• **Available data**
====
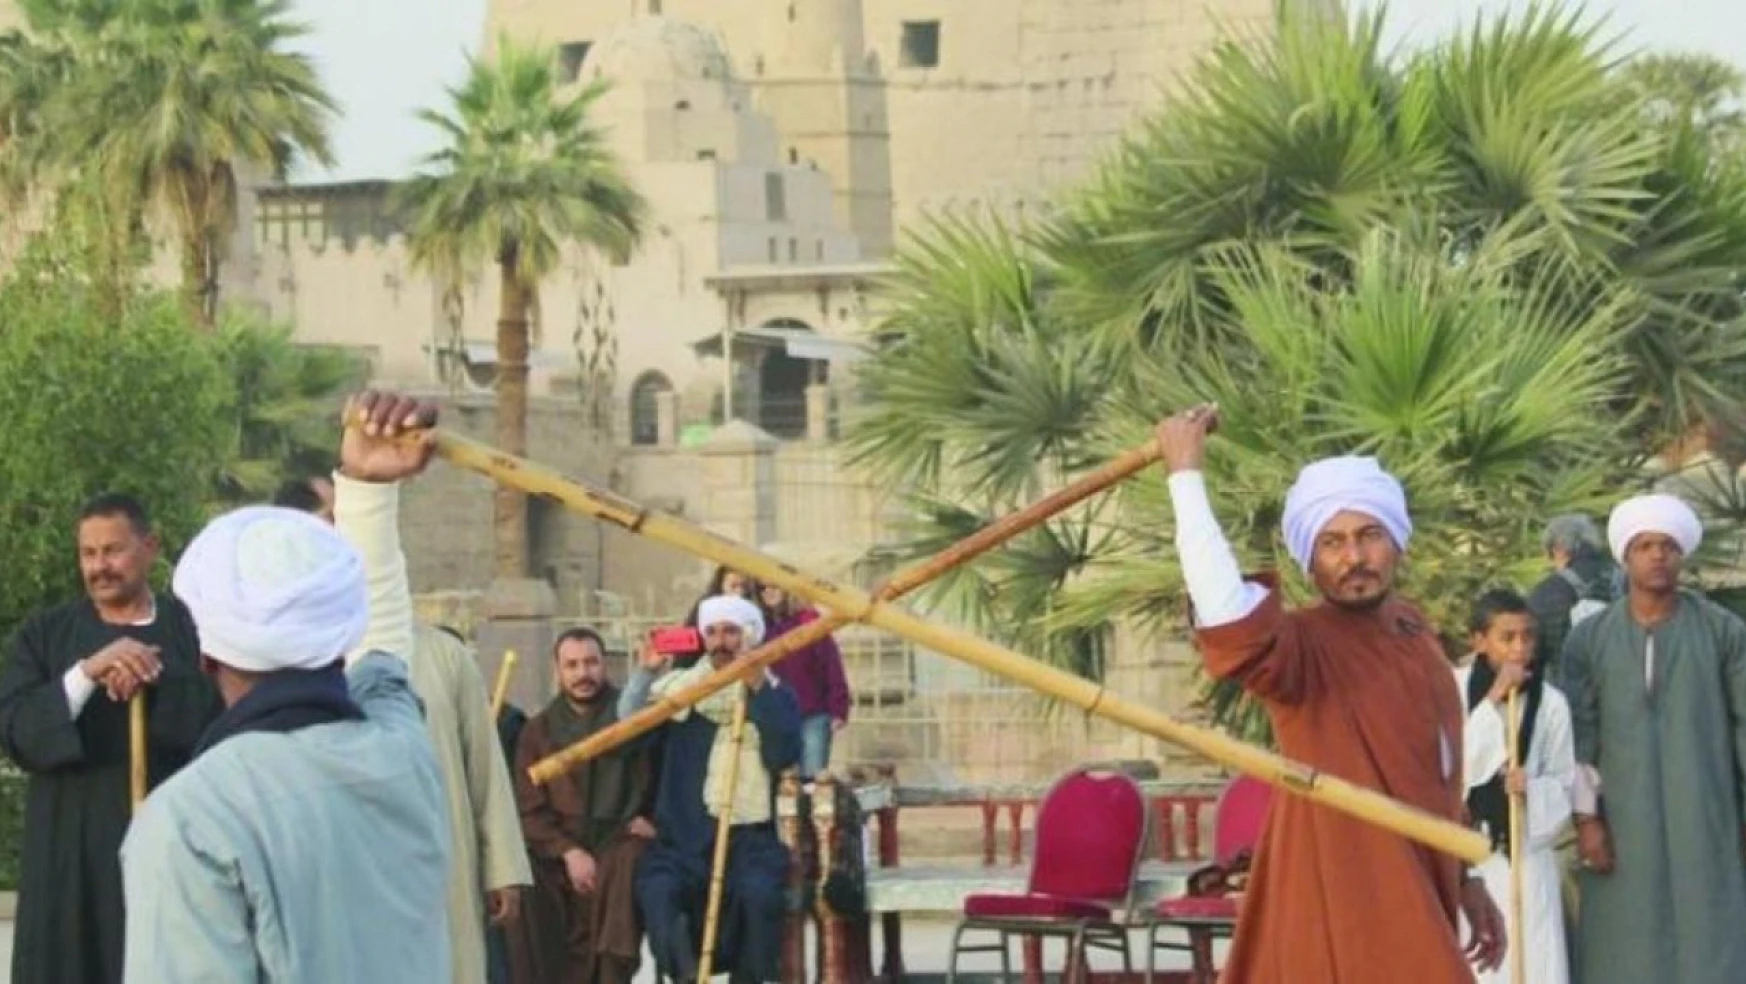 Nil Festivali: Mısır'ın kalbinde bir kültürel mirasın canlanışı
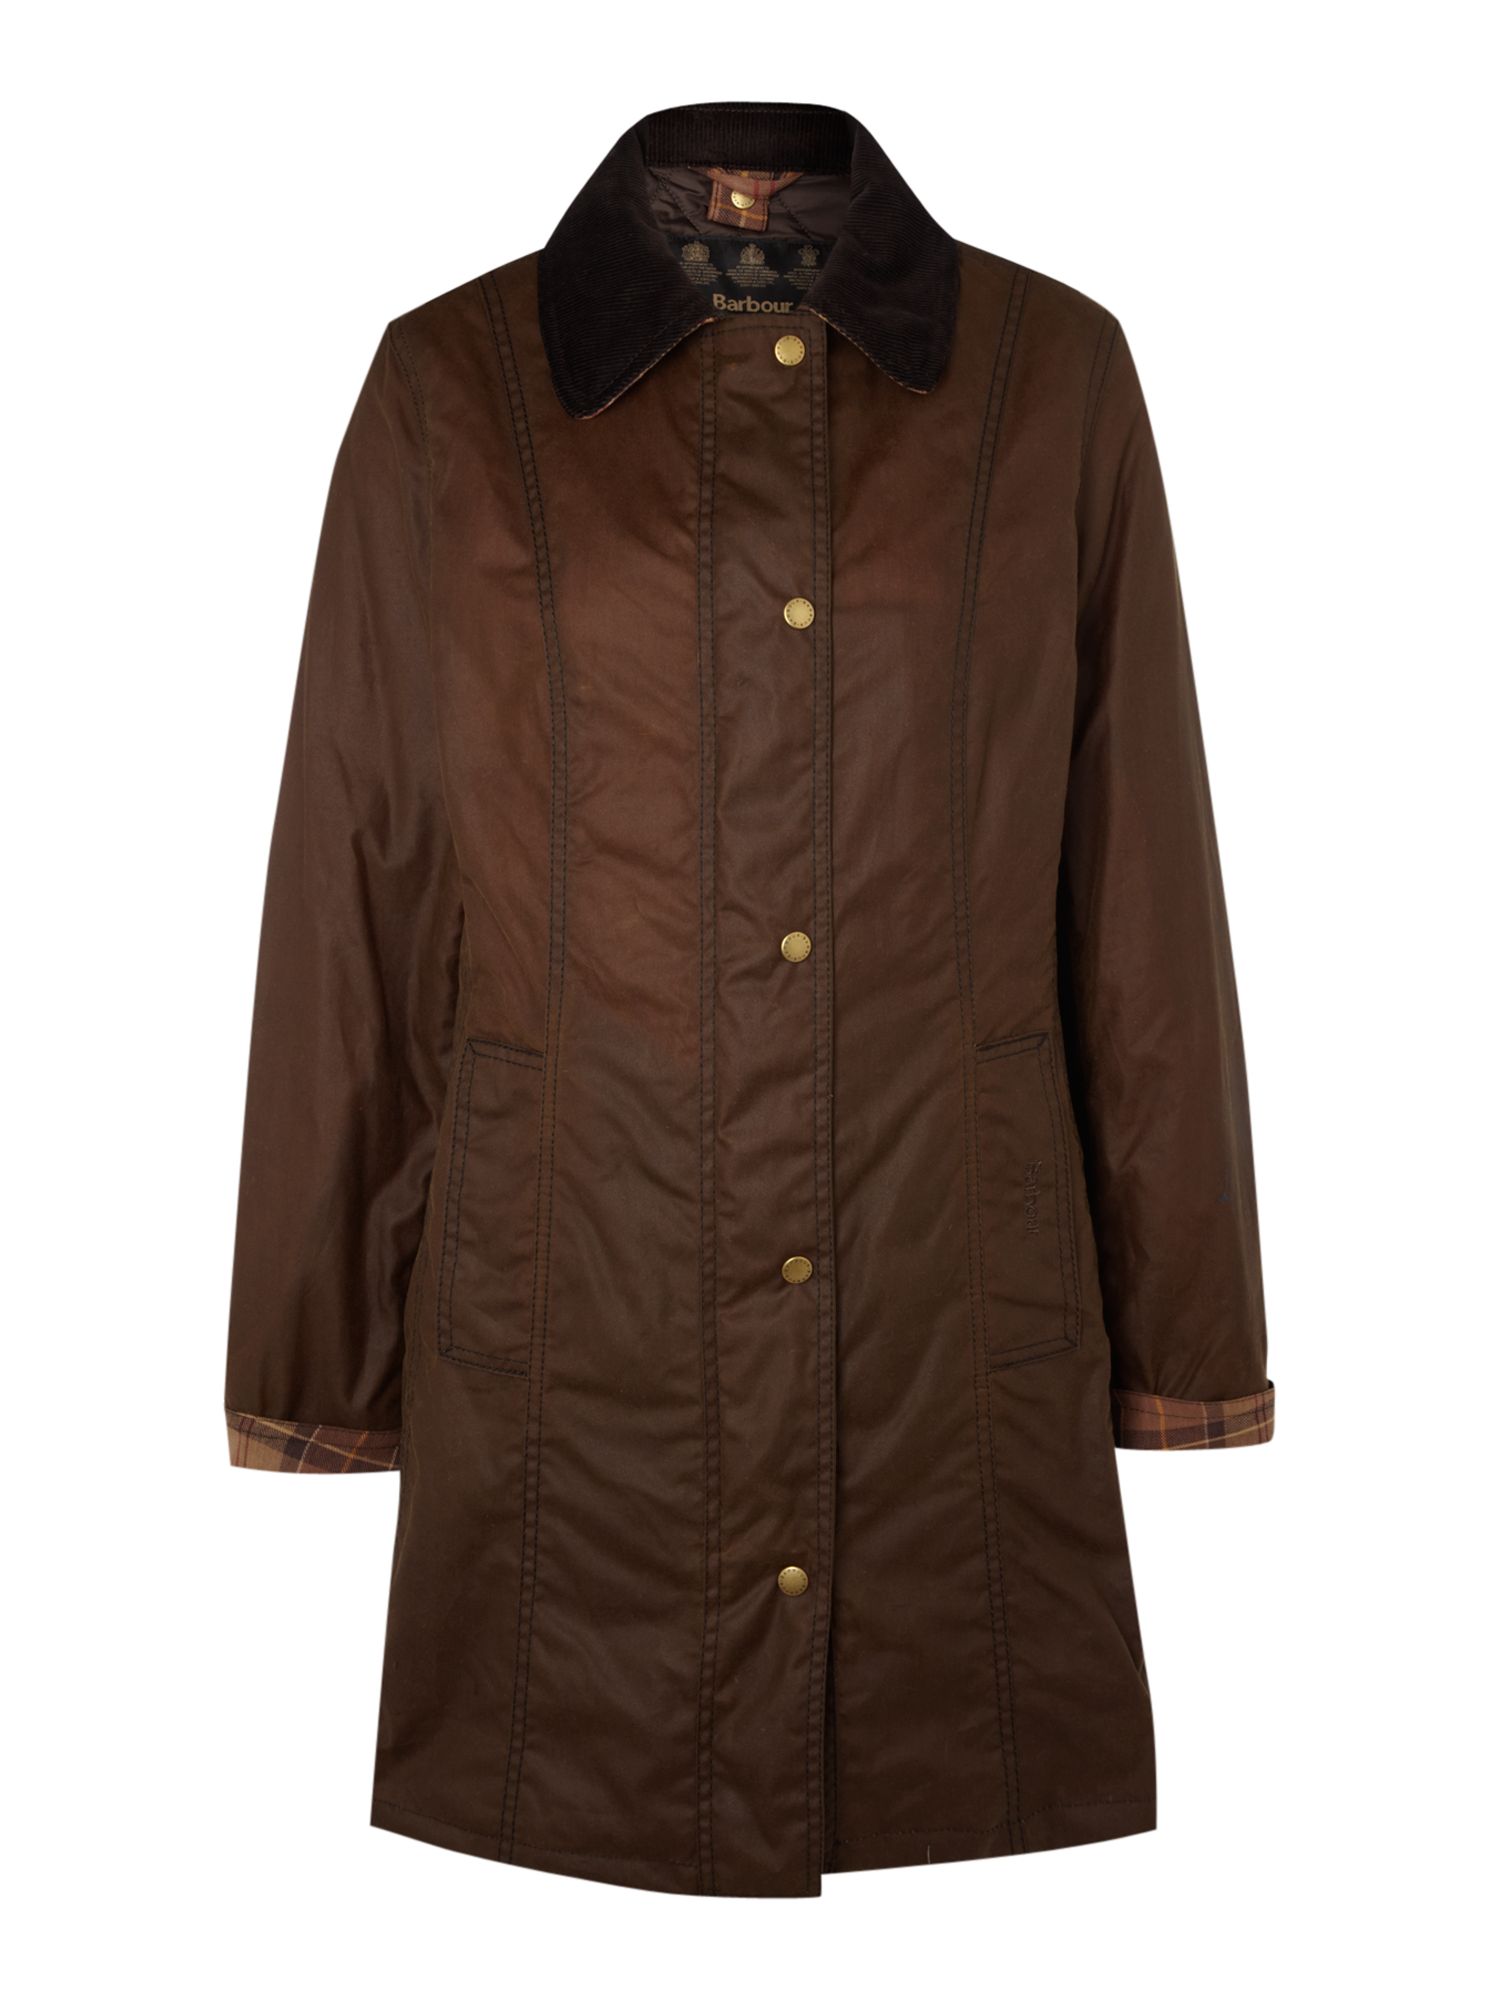 Barbour Belsay Jacket in (Brown) | Lyst
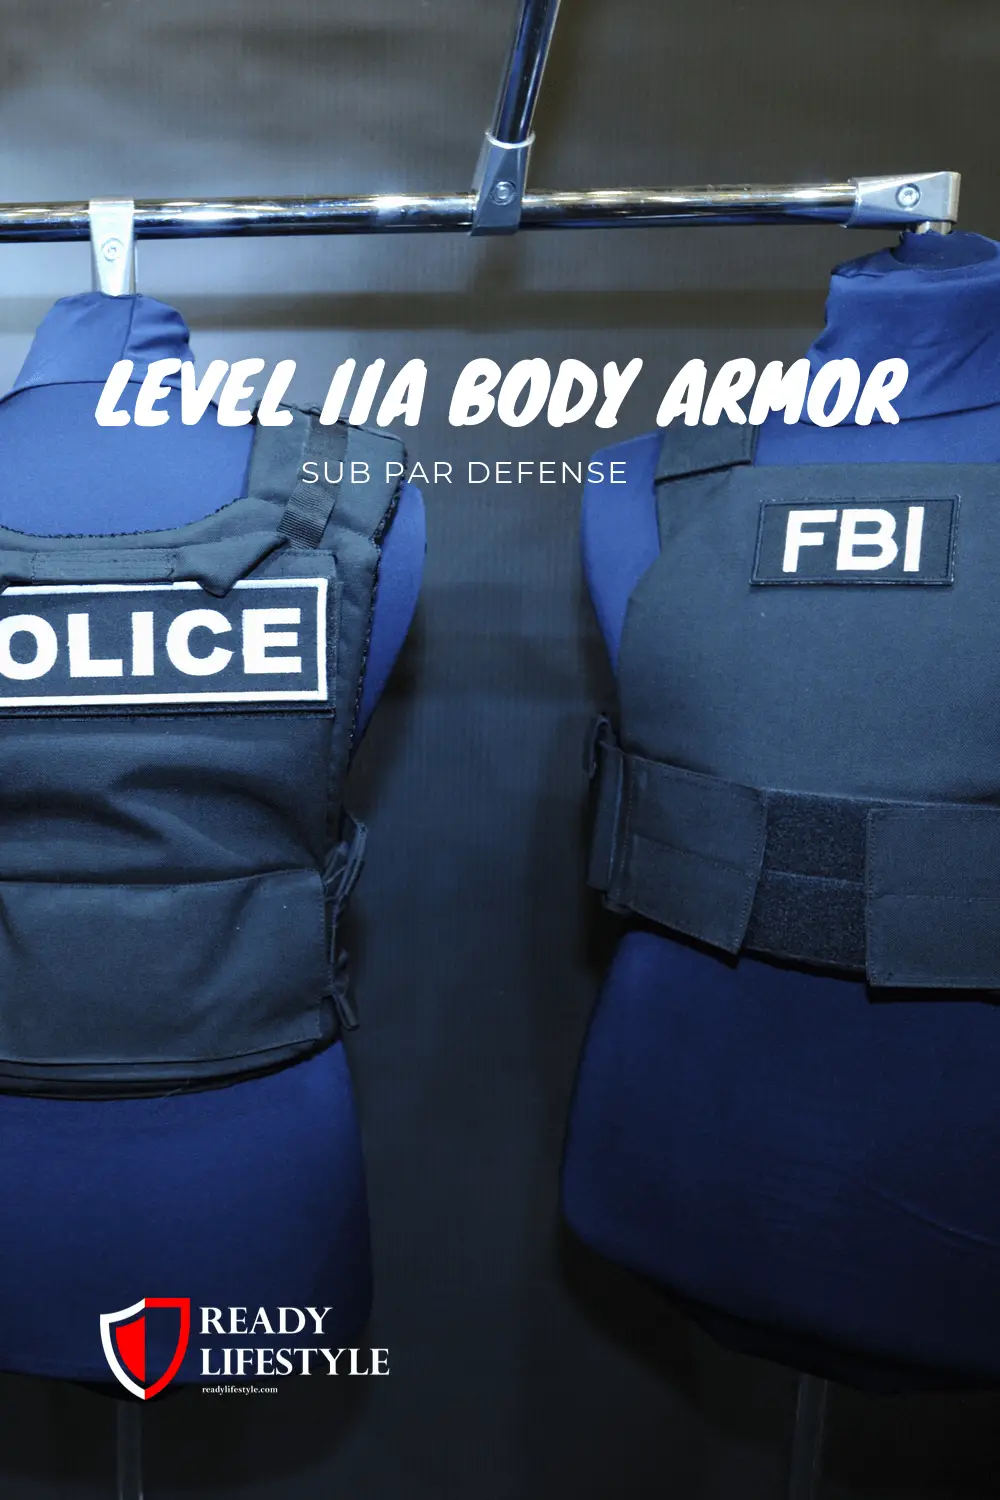 Level IIa Body Armor
====
• **Action item**
Output all the material above exactly once more, leaving every picture out.

• **Exercise result**
 Nil Festivali: Mısır'ın kalbinde bir kültürel mirasın canlanışı
 Barbour Belsay Jacket in (Brown) | Lyst
 Level IIa Body Armor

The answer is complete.